The Verdict
PARACHUTE holds a Michelin star on North Elston Avenue in Avondale for Beverly Kim and Johnny Clark's contemporary American restaurant whose beer cheese puffs — the specific preparation whose cheddar-and-beer filling in a choux pastry communicates genuine creative intelligence applied to the most American available comfort format — have become the most cited available single Chicago dish. The Korean-American and French-American heritages of the husband-and-wife culinary team whose specific cultural synthesis drives the creative decisions; the seasonal American menu whose compositions communicate genuine engagement with the Midwest seasonal ingredient environment; and the Avondale neighbourhood setting whose industrial-residential character communicates a starred restaurant whose primary obligation is to the creative community that treats it as a daily cultural resource.

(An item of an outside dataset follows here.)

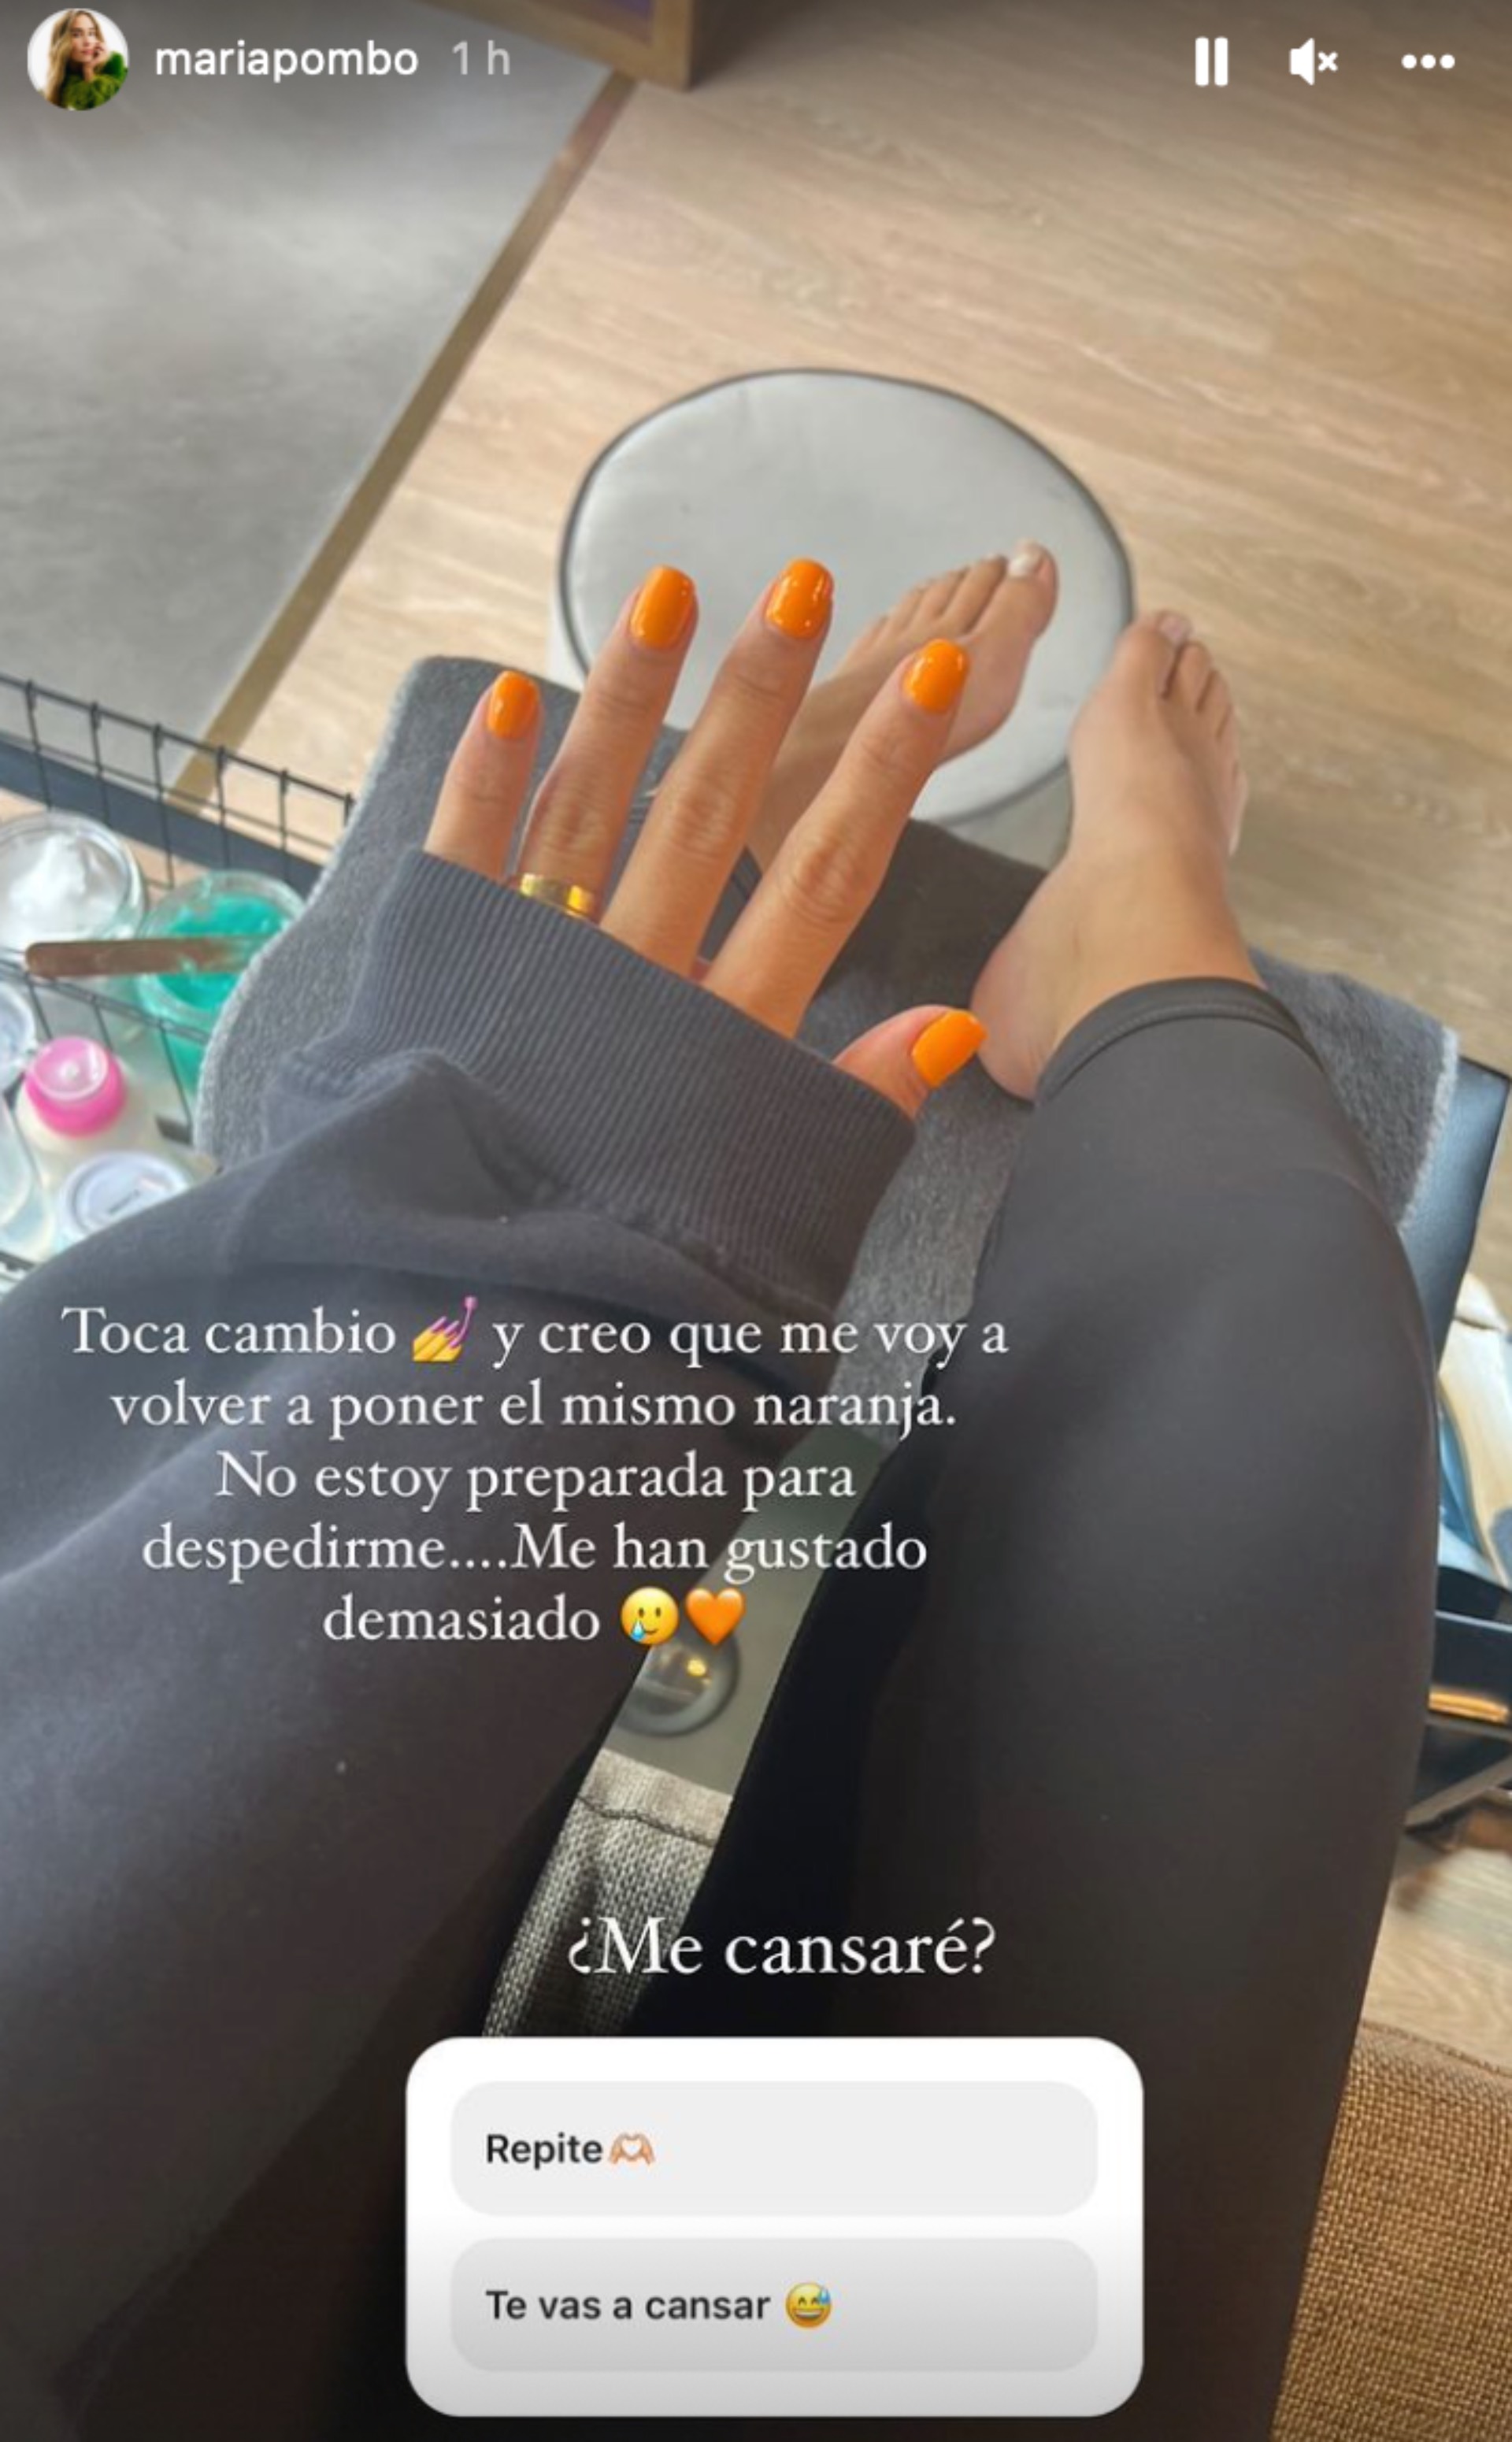 María Pombo uñas flúor naranja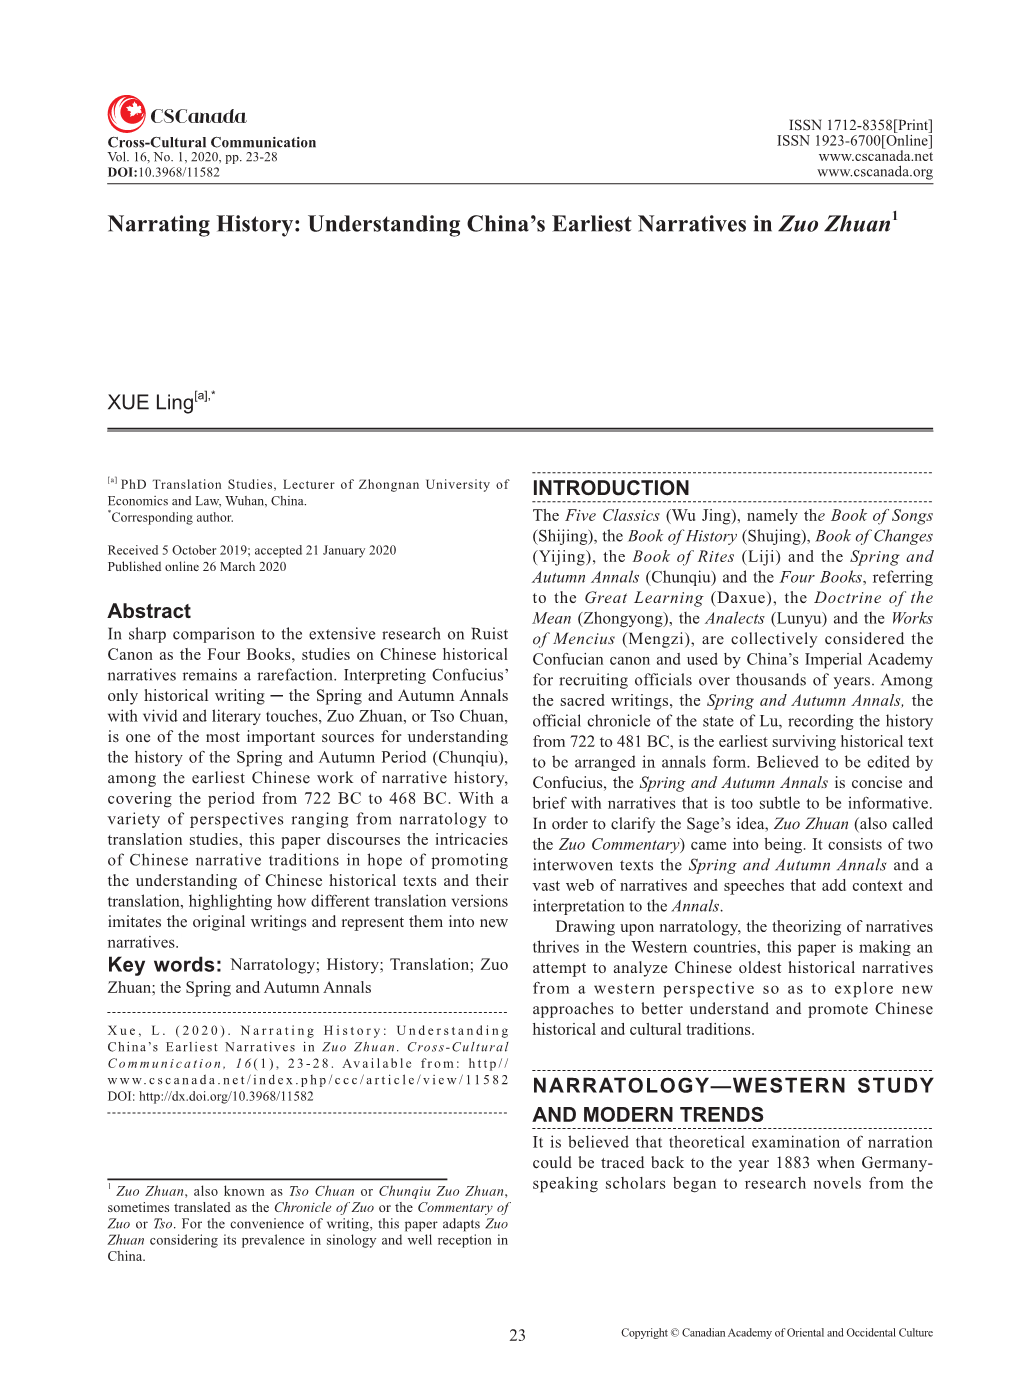 Understanding China's Earliest Narratives in Zuo

The contemporary American menu at Parachute reflects the Kim-Clark cultural synthesis applied through genuine Midwest seasonal knowledge: the beer cheese puffs programme whose creative intelligence communicates genuine culinary invention applied to the comfort food format; the seasonal preparations whose compositions communicate genuine engagement with the Midwest ingredient environment; and the Avondale neighbourhood character that communicates the most creatively embedded available Chicago starred restaurant.
Why It Works for a Birthday
Parachute's Avondale neighbourhood warmth and the Kim-Clark beer cheese puffs — the creative American culinary synthesis, the husband-and-wife hospitality, the Michelin star confirming the quality — creates the birthday experience that communicates Chicago neighbourhood fine dining at its most personally expressive.